A 70-year-old man presented with a 7-day history of progressively worsening headache, rendering him bedbound. He had a history of prostate cancer with local bone metastasis at the L2 vertebral body, treated with focal radiation and chemotherapy. His headache was bi-occipital and pulsatile, radiating down the neck. It worsened with upright posture and Valsalva maneuvers, with immediate resolution upon lying down. Associated symptoms included photophobia, phonophobia, nausea and tinnitus. He had no history of prior trauma, back pain or spinal procedures. His headache was unresponsive to hydration, analgesics and caffeine. His neurological examination was unremarkable.

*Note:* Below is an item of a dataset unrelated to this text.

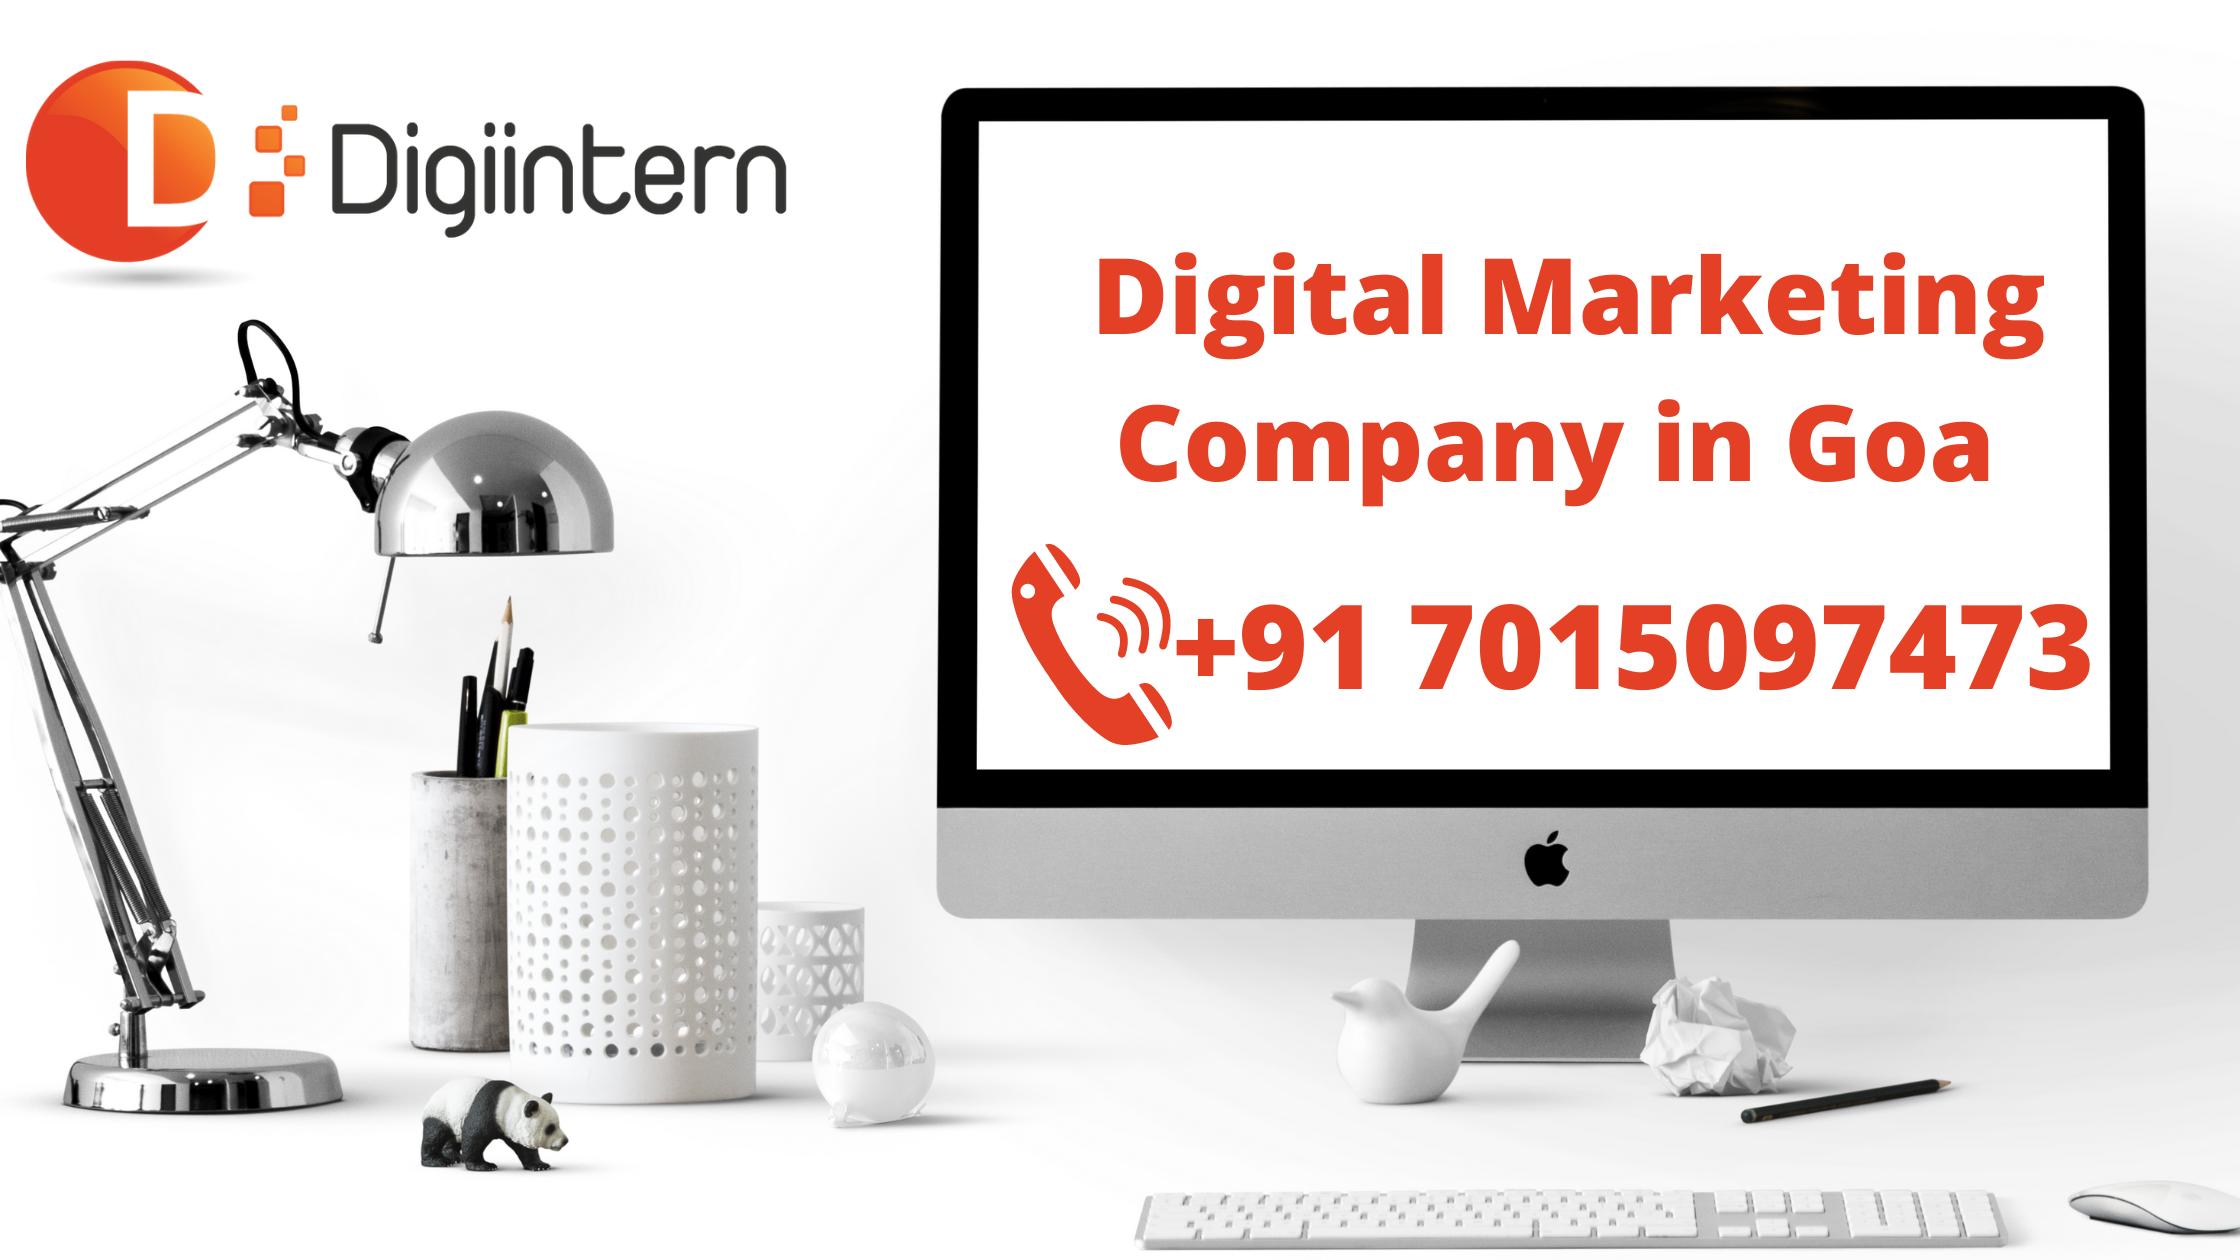 Digital Marketing Company in Goa

MRI of the brain showed subdural collections, pachymeningeal enhancement, brainstem sagging and flattening of the pons (Figure 1A–C), suggestive of spontaneous intracranial hypotension (SIH). Spine MRI demonstrated progression of bone metastases from L2 to the entire spine, confirmed by F-18 prostate-specific membrane antigen positron emission tomography (Figure 1D–E). Several dynamic digital subtraction myelograms were unrevealing. Ultimately, a CT myelogram in the left decubitus position showed CSF leakage into a T2–3 paraspinal vein, confirming CSF-venous fistula (CVF) (Figure 2A–B). Subsequent endovascular embolization failed due to difficult venous access, and a left T2–3 epidural fibrin glue injection provided temporary relief (Figure 2C). Finally, minimally invasive decompression and embolization of the CVF resulted in complete headache resolution within 2 days.

Figure 1. MRI of the brain and spine, along with a positron emission tomography (PET) scan of the patient. (A) Axial T2-weighted MRI of the brain showing bilateral fluid collections in a subdural distribution. (B) Axial T1-weighted post-contrast MRI demonstrating diffuse dural thickening and enhancement. (C) Sagittal T1-weighted post-contrast MRI of the head showing sagging of the upper brainstem and flattening of the ventral pons along the clivus. (D) Sagittal T2-weighted short tau inversion recovery MRI sequence redemonstrating diffusely abnormal signal throughout the spine consistent with diffuse metastatic disease. (E) F-18 prostate-specific membrane antigen PET imaging demonstrating diffuse avid skeletal metastases affecting the skull and almost the entire skeleton (SUV max 40.8).

Figure 2. CT myelogram of the patient. CT myelogram demonstrating (A) early contrast leakage and (B) delayed (5 minutes) contrast extension from the nerve root sleeve into an adjacent paraspinal vein at the left T2–3 foramen (yellow arrows). (C) Transforaminal epidural injection of fibrin glue at the left T2–3 level via a left transforaminal approach (yellow arrow).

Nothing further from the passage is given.